WTF Tuesday

The following post contains images that may be disturbing to some readers.

In 2019, I recommitted myself to WW and sliced an itty-bitty time sliver out of every Tuesday to dedicate to weigh-ins and meetings. My new schedule coincided with a new season in my life. After nearly nine years of healing from messy divorce consequences, I finally exhaled: gray days ahead, but a glimmer of hope.

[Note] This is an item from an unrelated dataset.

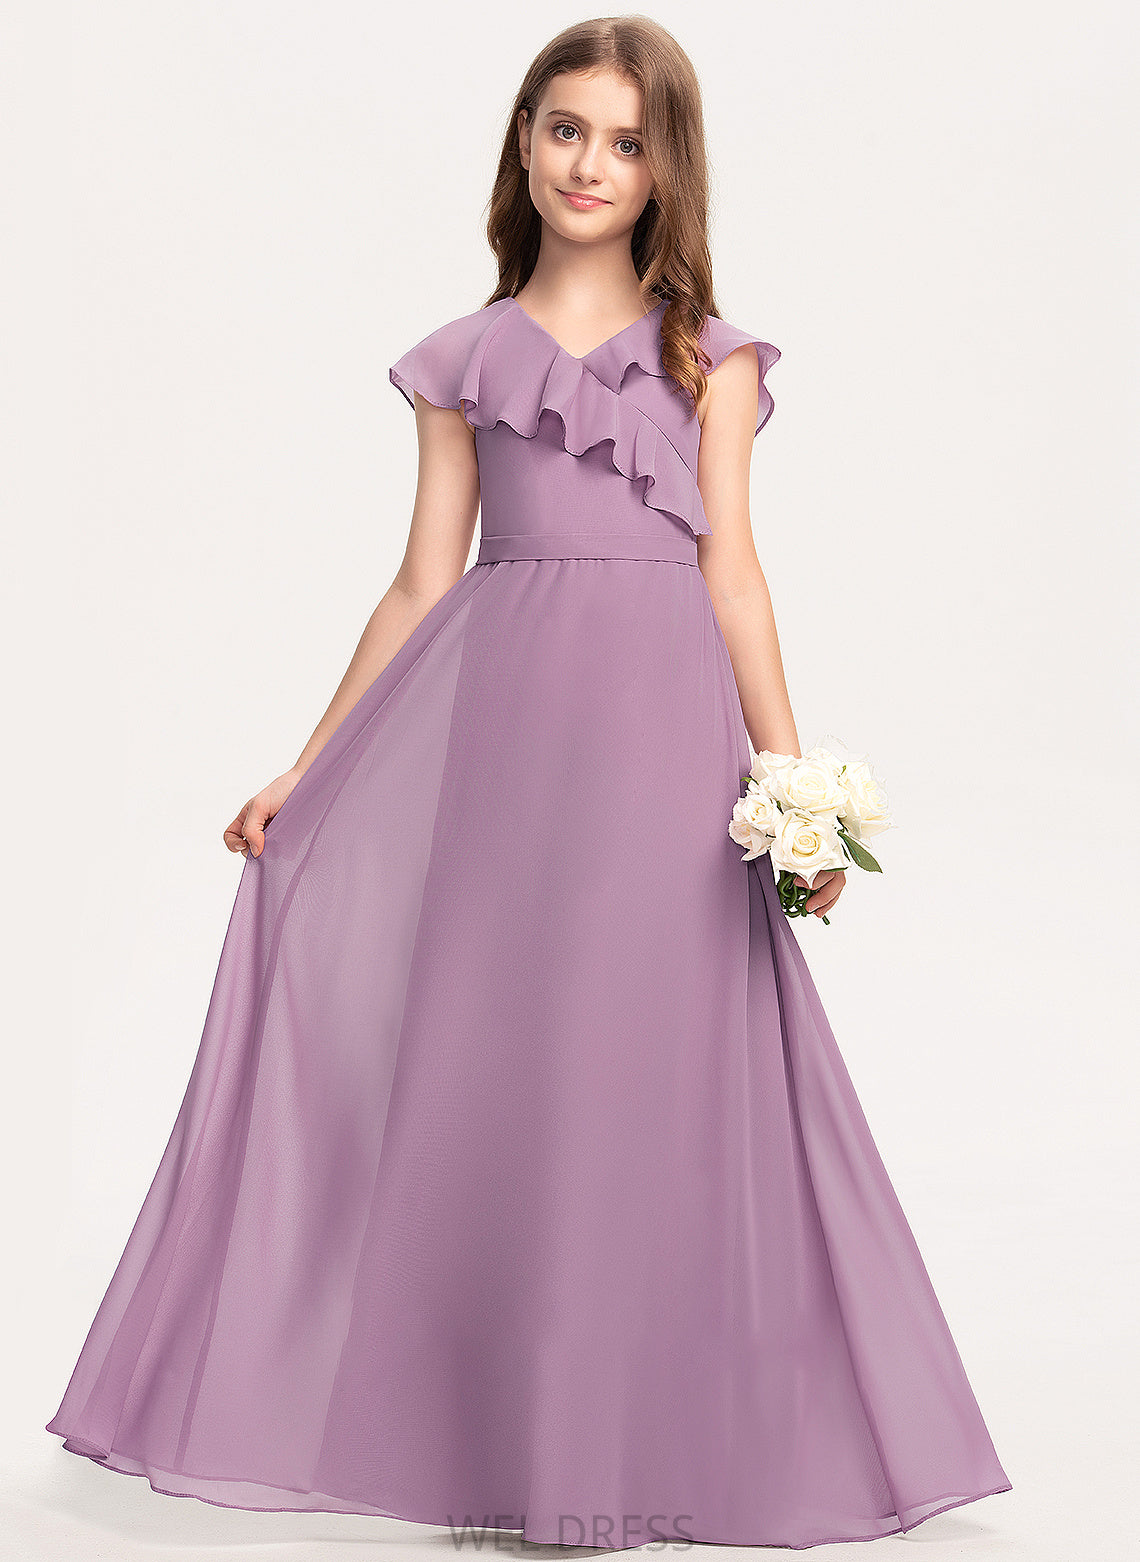 Ruffles Cascading Chiffon Floor-Length A-Line Cadence V-neck Bow(s) Junior Bridesmaid Dresses With

Or so I thought.

“Everything that seemed so important days ago is now as worthless as a pebble.” ~ Orhan’s Inheritance, Aline Ohanesian

Busy beaver, I rushed through every Tuesday with purposeful work and at day’s end a resolve to weigh, record and jubilate over shredded ounces or, optimally, pounds. I kicked up my heels, tap danced on a golden wellness stage even when the scale tipped in the opposite direction, because achieving goals require a certain degree of disappointment.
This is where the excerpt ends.